Among a variety of deliberations concerning the security and transparency of a little Kolab thing running anywhere — at home, rented space or hybrid cloud — this post is about the transparency of the hardware layer, and our ongoing efforts to make that so.
We have said what, why and how on LWN, at events like FOSDEM (with a supplemental interview), at FSFE Summits, various other occasions, and perhaps your next opportunity to get acquainted with the message is at the OpenPOWER Summit in Barcelona — when I say “we”, I mean one of our most widely respected and prominent people, Georg Greve.
Firstly, it’s a good little challenge, that many of our respectable peers have already gone over, and solved. Such include IBM, Red Hat, and some of the best Fedora people (I highlight just one). It’s easy for me to state “challenge accepted”.
For an application suite like Kolab Groupware, consisting of many individual components, we play in the realm of customer demands on a platform that raises portability issues like something signed vs. unsigned, something specific to the generation of Linux distribution that is the target, something specific about the CPU architecture left, right and center, that are very interesting — technically speaking.
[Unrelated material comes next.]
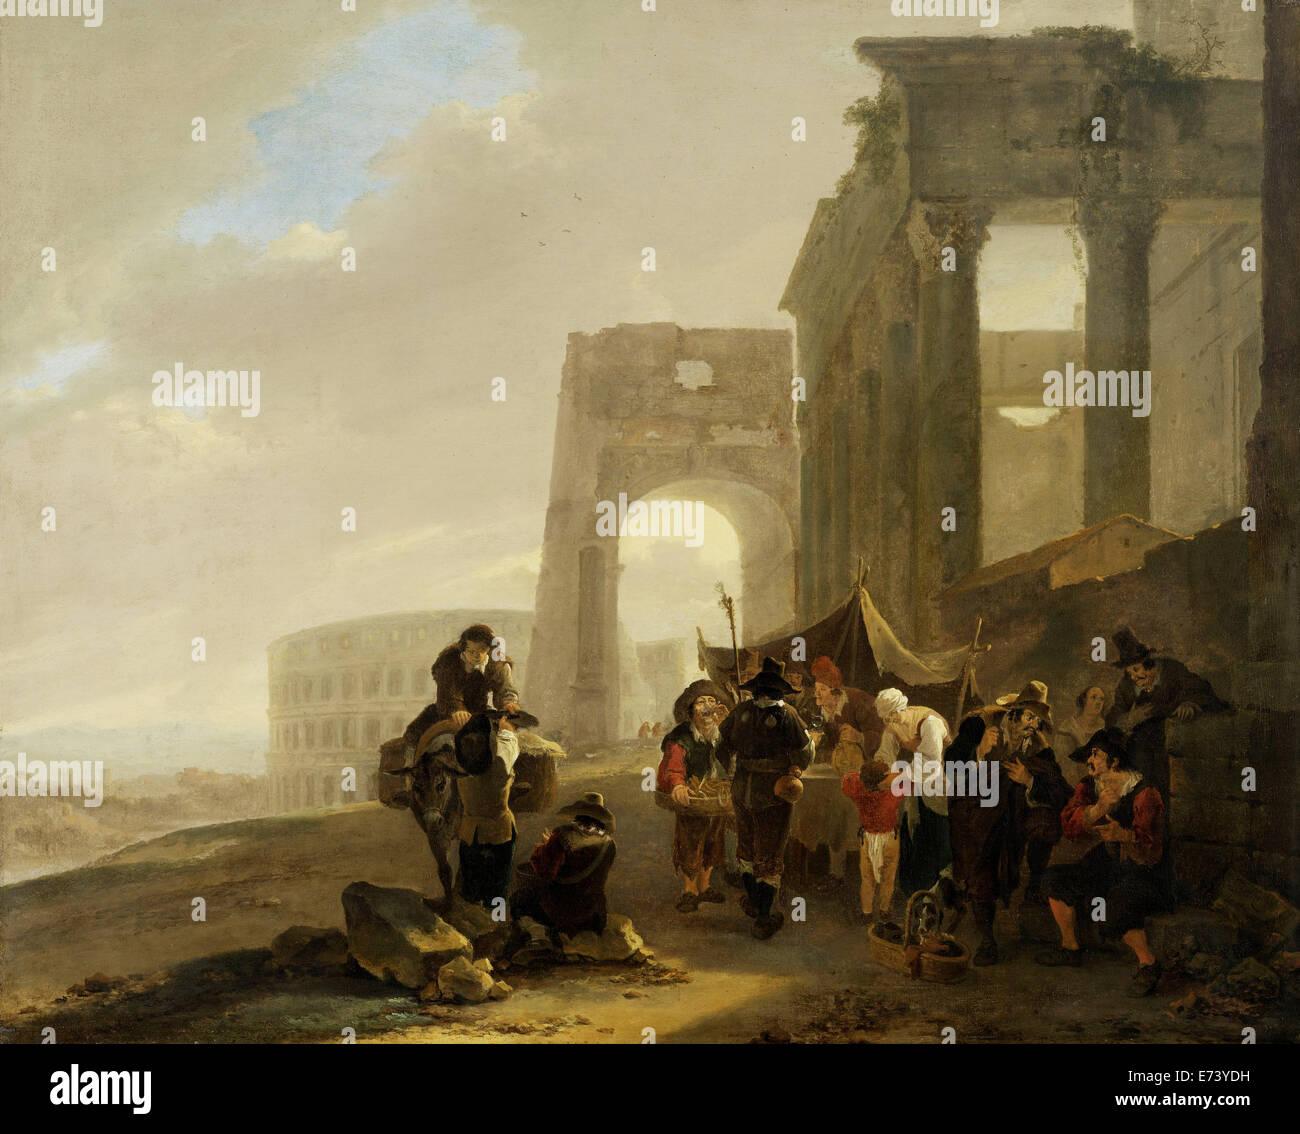 Escena Folk entre ruinas romanas - por Jan Both, 1640 - 1652 Foto de stock

Some of the known problems in porting an otherwise superior application suite to a previously undervalued CPU architecture no longer exist — once the bug-fixes and architecture-specific optimizations have landed in upstream projects, involving among others, low-level projects like GCC and Boost.
However, customer demand will fall in to a stable, supported, long-term solution space. This is either already Red Hat Enterprise Linux, or you’re going to want to migrate to it. We’re not going to be able to sell a solution as business-critical as email and collaboration on top of Fedora 26 though (unless I have that pitch).
That being said, the current version of RHT‘s flagship product version does not yet have these fixes and enhancements. Arguably, RHT’s flagship product is Fedora 26 (at the time of this writing). Hopefully, Kolab Systems is going to come to the rescue. Hopefully, we’re in time for RHEL 7.6 planning, or can get ahead of RHEL 8 planning.
We’re going to be entertaining benchmarking our product, the Kolab Groupware solution, on Power 8, at the largest facility in the world. We’ll use what RHT has so far chosen to put to market, and what is also available. We’ll gather some data, and distil some graphs.
It’ll yield results, and it’ll be fun.